There's no need to update the TK-II firmware on an XEGS, or for the 1088 series machines. And there is also no need to do so even on other systems where you no longer use the stock Atari keyboard.

- Michael

Back in early 2019 I decided to incorporate the SIO2MIDI into a 600XL. And while I was at it, I also added UAV upgraded video (including the missing DIN-5 jack on NTSC systems), 64K RAM, and BASIC Rev C. It was a fun little project at the time

It languished for a while afterwards, but then I set it up in a permanent spot on my workbench, attached an SDrive-Max to it, and connected it to a tiny color TV I pulled out of storage. It then became my JOY2PIC programming station, and was quite useful in this new role.

However never one to leave well enough alone, and getting inspiration from Flashjazzcat's video on installing a U1MB inside a customer's 600XL, I started thinking why not take it a step further and also install an internal CF drive. But what could I use to make that happen? Then it hit me... make a new board mimicking the XEL-CF3 circuit, and piggyback Antic because virtually every signal needed was already there. So was born the XL-CF4.

It was going to be very tight space-wise in order to fit underneath the stock keyboard. So to help out, I shifted the piggybacked Antic towards the back. Then to get the ID44/CF Adapter to fit, I had to remove it's female header and solder it directly to the male header on the board. This was just enough to do the trick.

But of course I wasn't going to stop at only installing The U1MB and the internal CF drive, I also decided to add a TK-II as well, which actually made it much easier to test stuff without the stock keyboard getting in the way, or risk damaging its Mylar circuit connection from the constant plugging and unplugging that would have ensued.

Flashjazzcat's video gave me the best location and mounting method to use for the U1MB. And believe me when I say there really was no other choice.

Drilling the mounting holes was the trickiest part, which required slowly incrementing in size from a tiny drill bit to the final size. It's literally on the edge of the board threatening to break out at any moment. Check out Flashjazzcat's video above for the details on doing this.

There were a few other tricky parts such as making the hole for the CF card to pass thru. However because it sits just above the bottom of the case, only the top half of the case needed to be filed to accommodate the actual CF card passing through it.

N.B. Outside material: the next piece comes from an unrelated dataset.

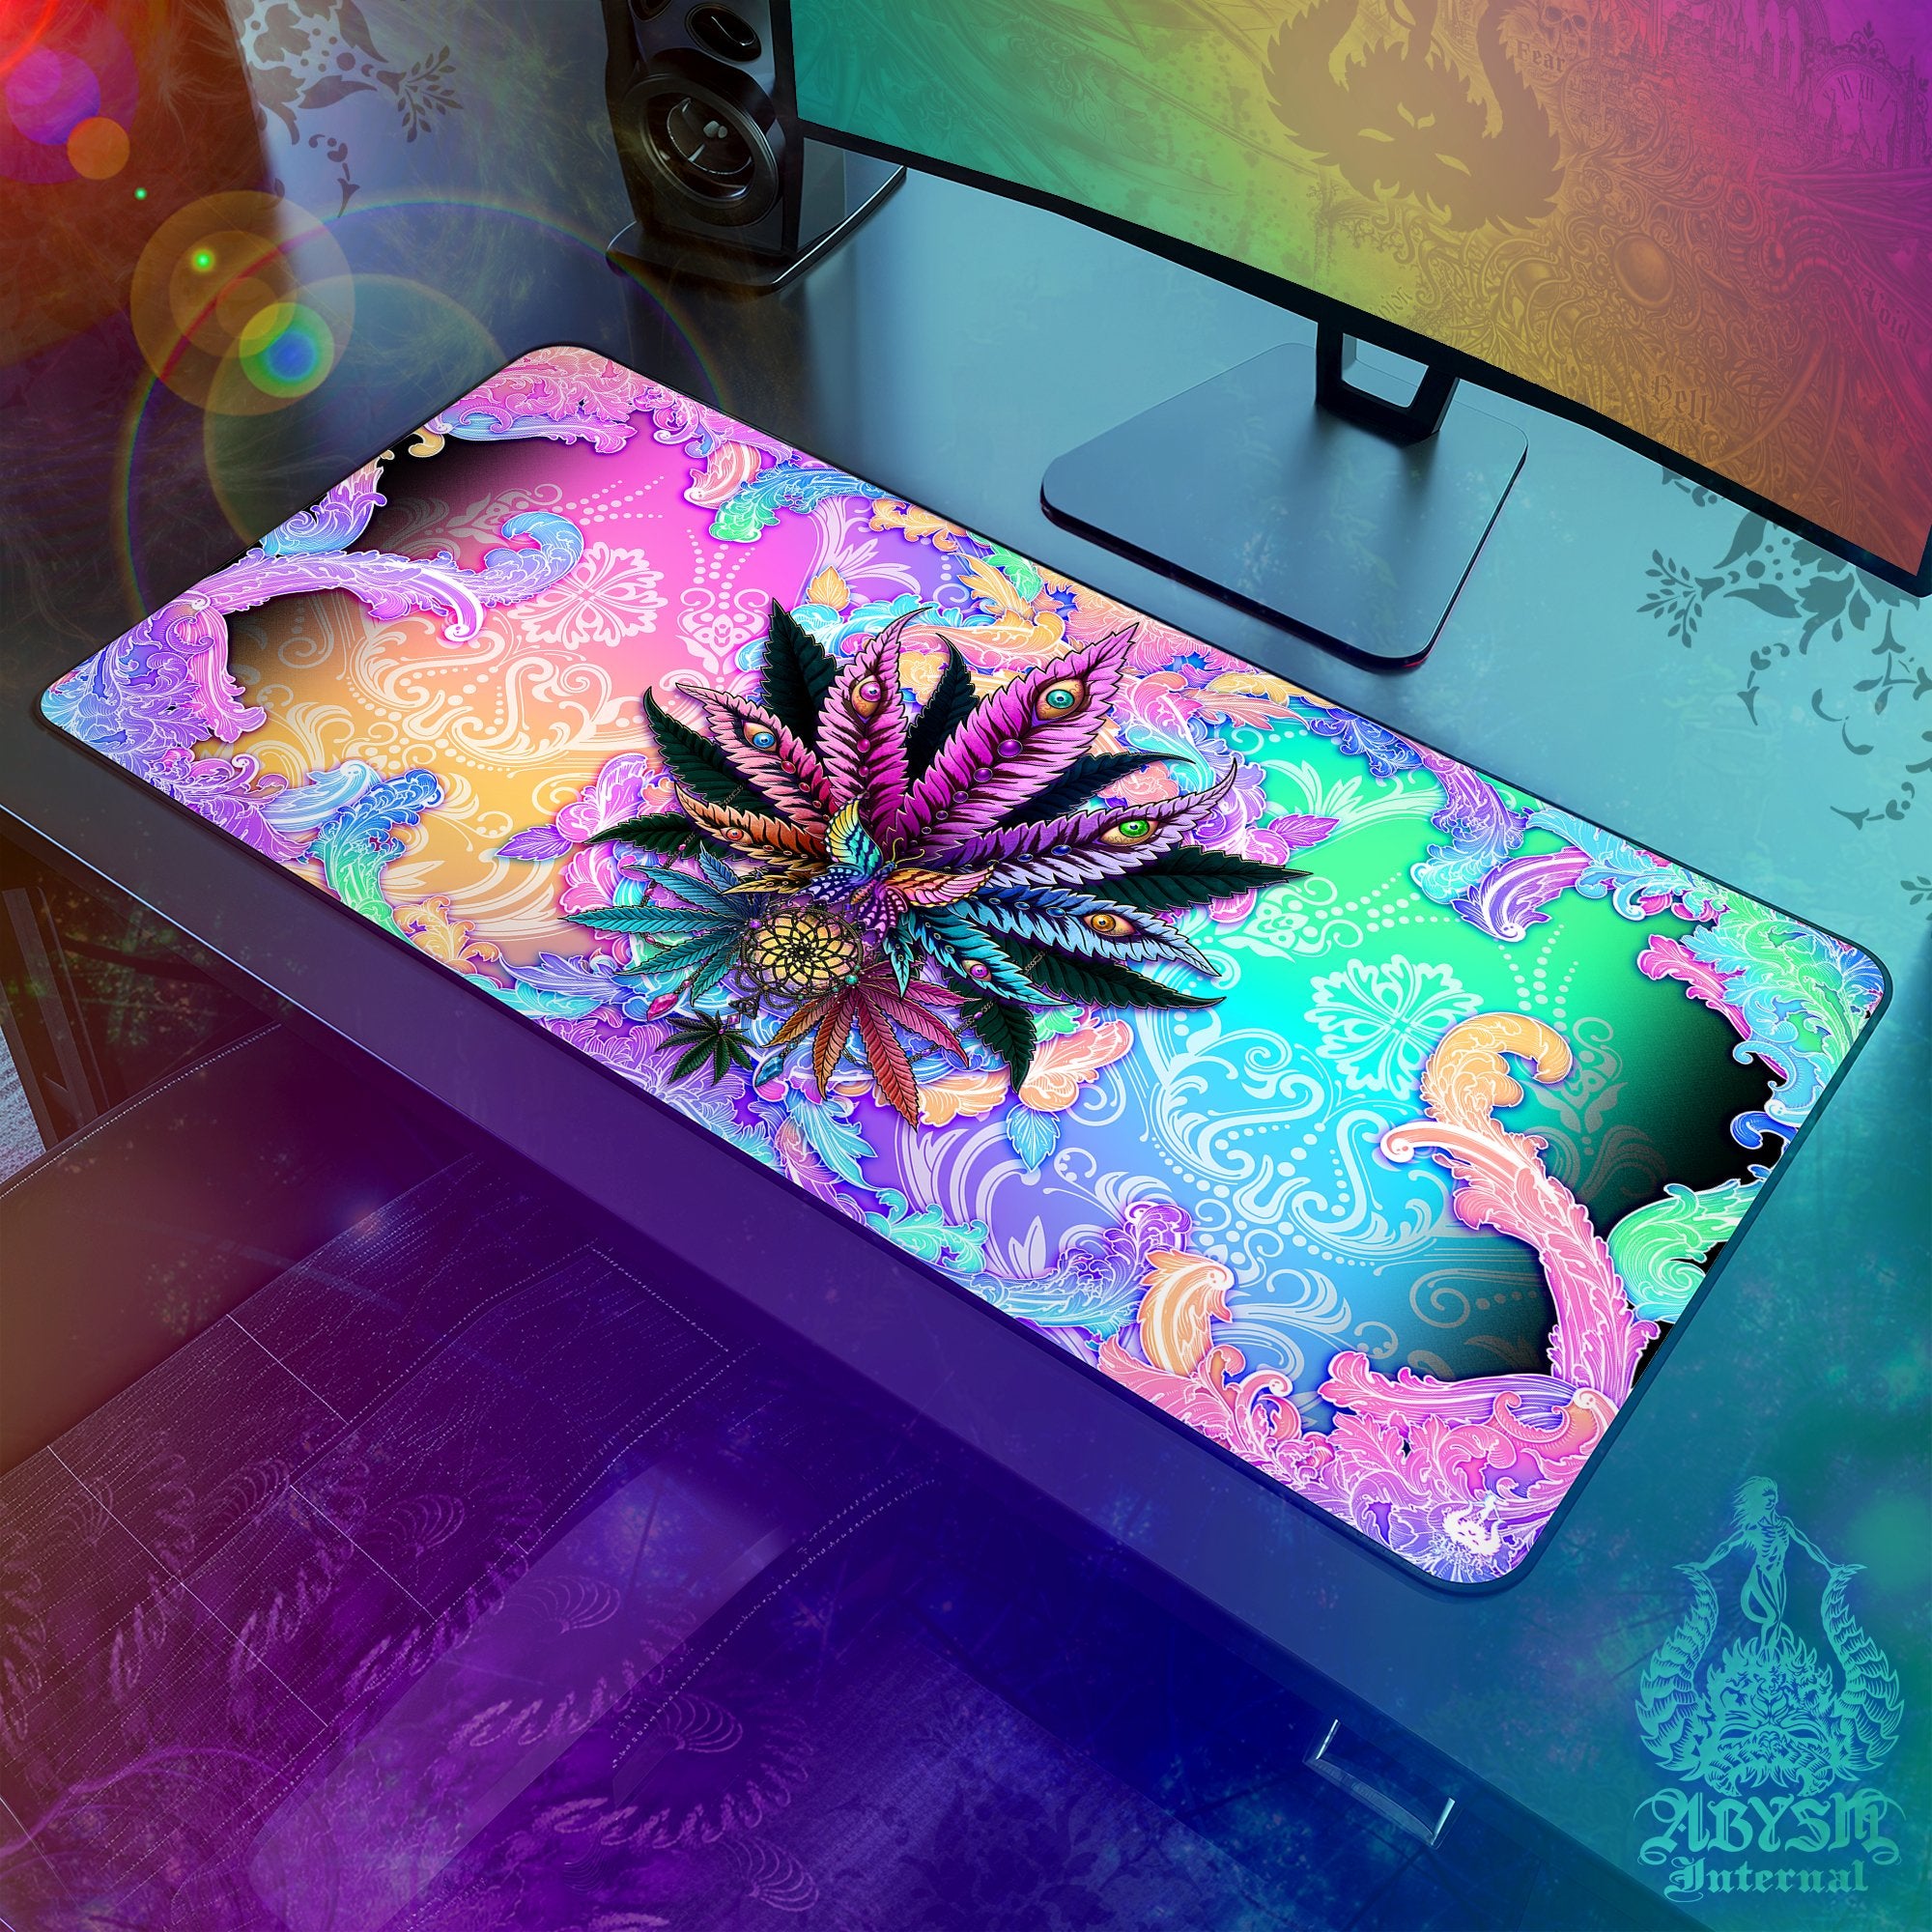 Pastel Gaming Desk Mat, Marijuana Mouse Pad, Psychedelic Cannabis Table Protector Cover, Weed Workpad, 420 Art Print - Black - Abysm Internal

I was able to mate up the top and bottom of the case, mark the left and right side of the required opening and then measured the thickness of the card to get a height (I added a smidge more to allow free travel). The end result looked pretty good.

The downward angle towards the right is part of the original case design, so there was no way other than Bondo or plastic fillers that could have been done about that. Although it looks kinda like it's talking :-)

Wow but where was I going to mount the PS/2 keyboard connector for the TK-II ?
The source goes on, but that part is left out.